H_X_given_S = -np.mean(log_p_x_given_y)  # Conditional entropy

# ---------------- Marginal Probability Estimate P(x) ----------------
# Monte Carlo estimate: P(x) ≈ (1/M) sum_j P(x | s'_j)

def compute_log_p_x(i):
    """ Compute log P(x_i) using the Monte Carlo marginalization over s """
    log_prob_x = np.array([compute_log_p_x_given_y(j) for j in range(M)])  # P(x | s'_j)
    return logsumexp(log_prob_x) - np.log(M)

log_p_x = np.array([compute_log_p_x(i) for i in range(M)])

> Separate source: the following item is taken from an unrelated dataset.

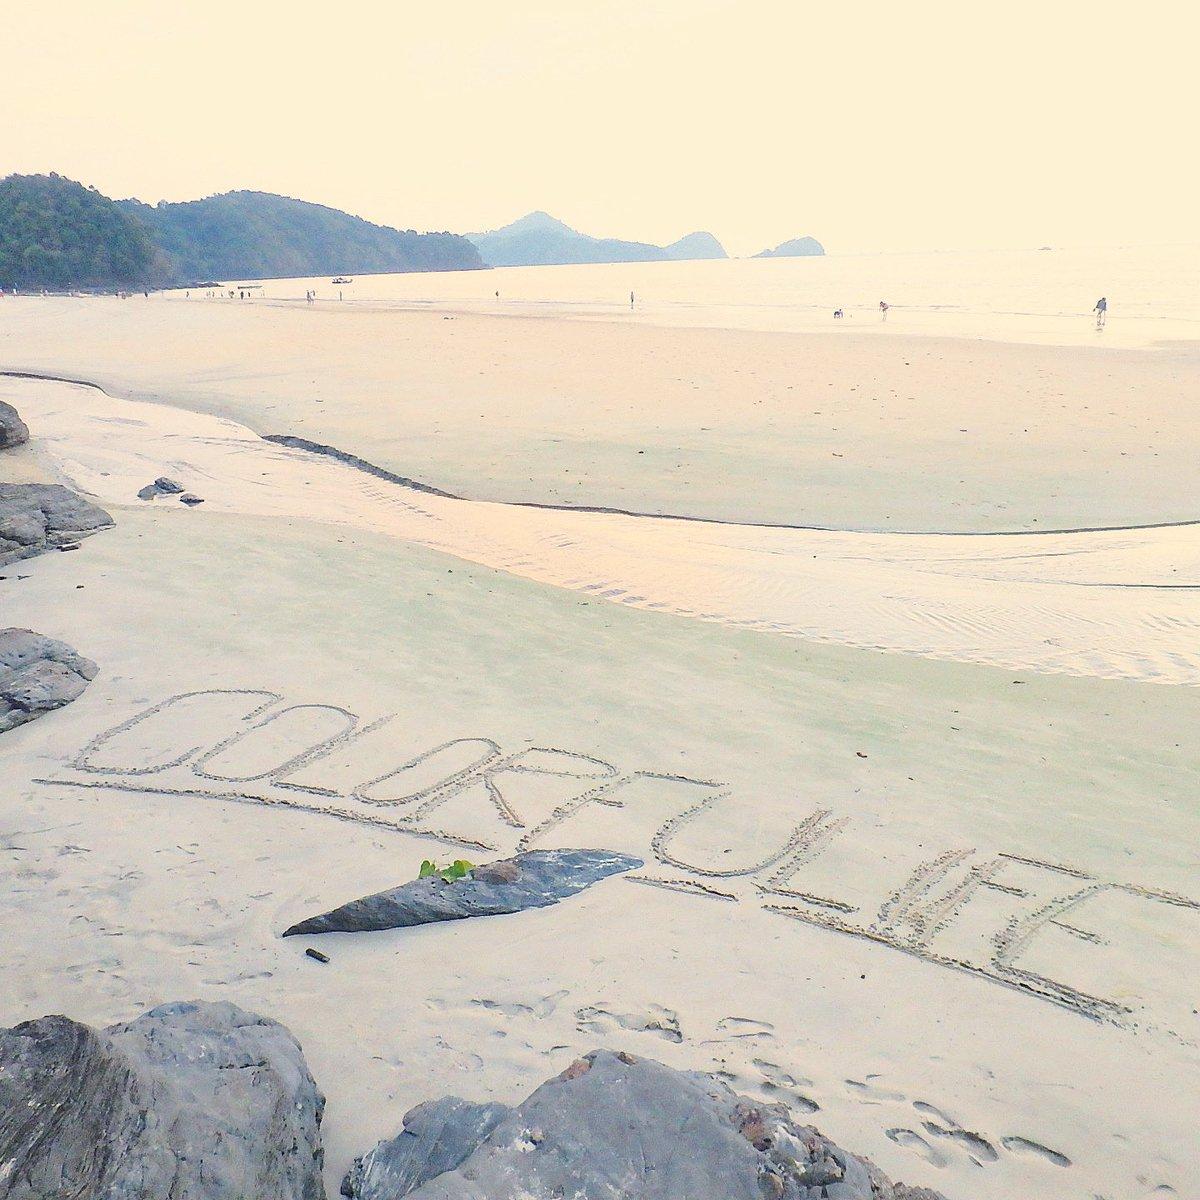 いつかの砂浜遊び🐋 7月もオンラインショップは営業しております。是非ご覧ください💛 #ビーチ #海 #beach #vacation #海外旅行
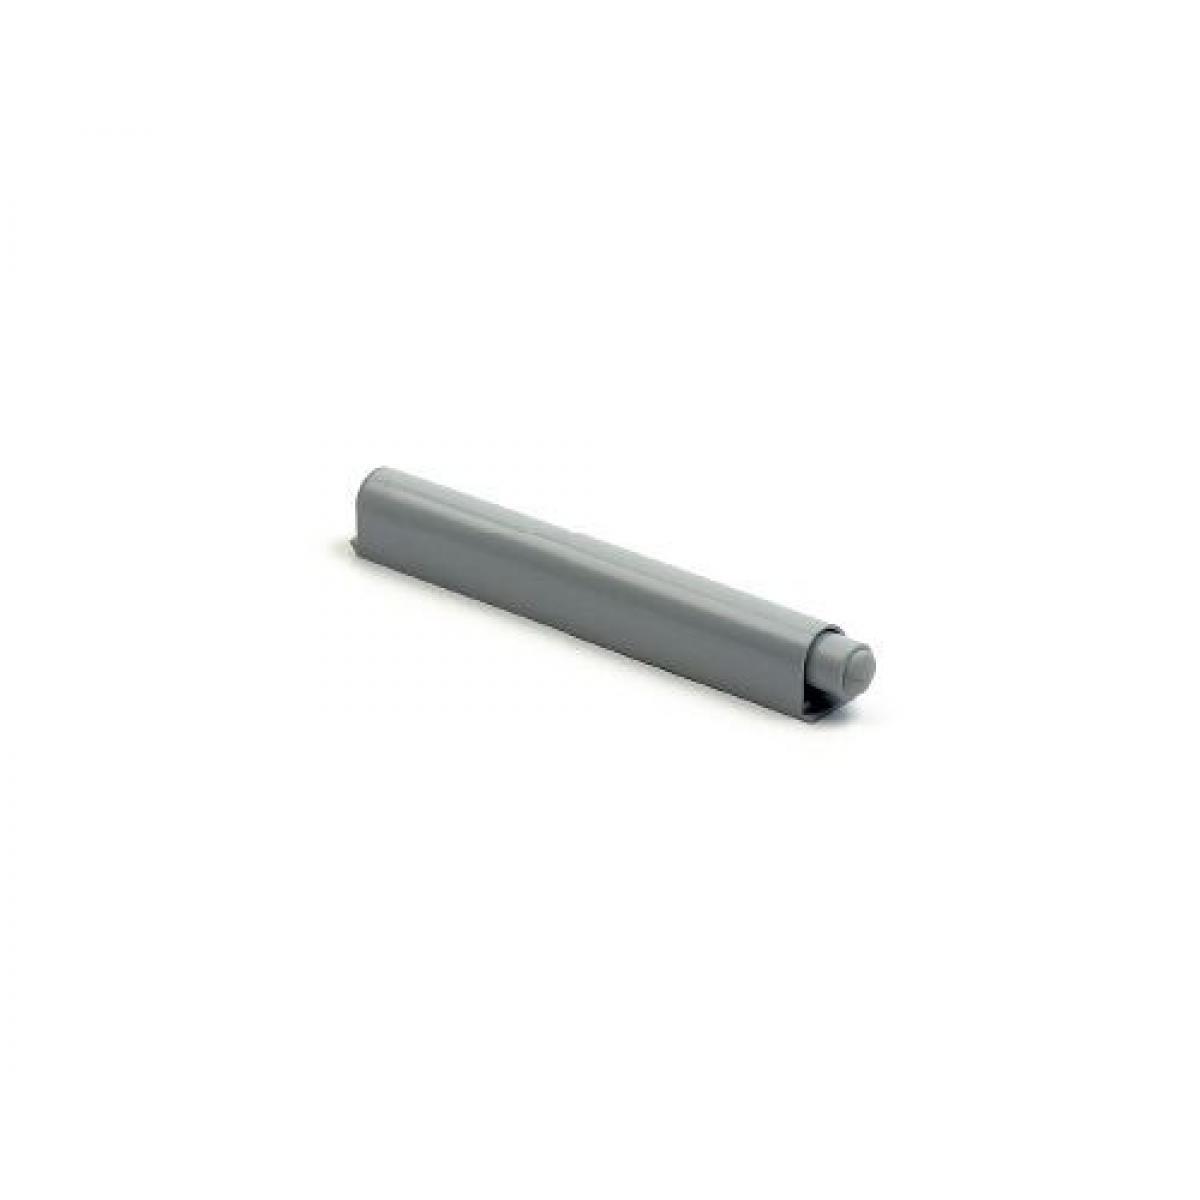 Механизм Impuls накладной 40мм цвет серый

# ---------------- Marginal Entropy H(X) ----------------
H_X = -np.mean(log_p_x)

# ---------------- Mutual Information Calculation ----------------
I_X_S = H_X - H_X_given_S

# ---------------- Results ----------------
print(f"Conditional Entropy H(X|S): {H_X_given_S}")
print(f"Marginal Entropy H(X): {H_X}")
print(f"Mutual Information I(X;S): {I_X_S}")


  data = pd.read_csv('trajectories.txt', header=None, delim_whitespace=True, encoding='utf-16')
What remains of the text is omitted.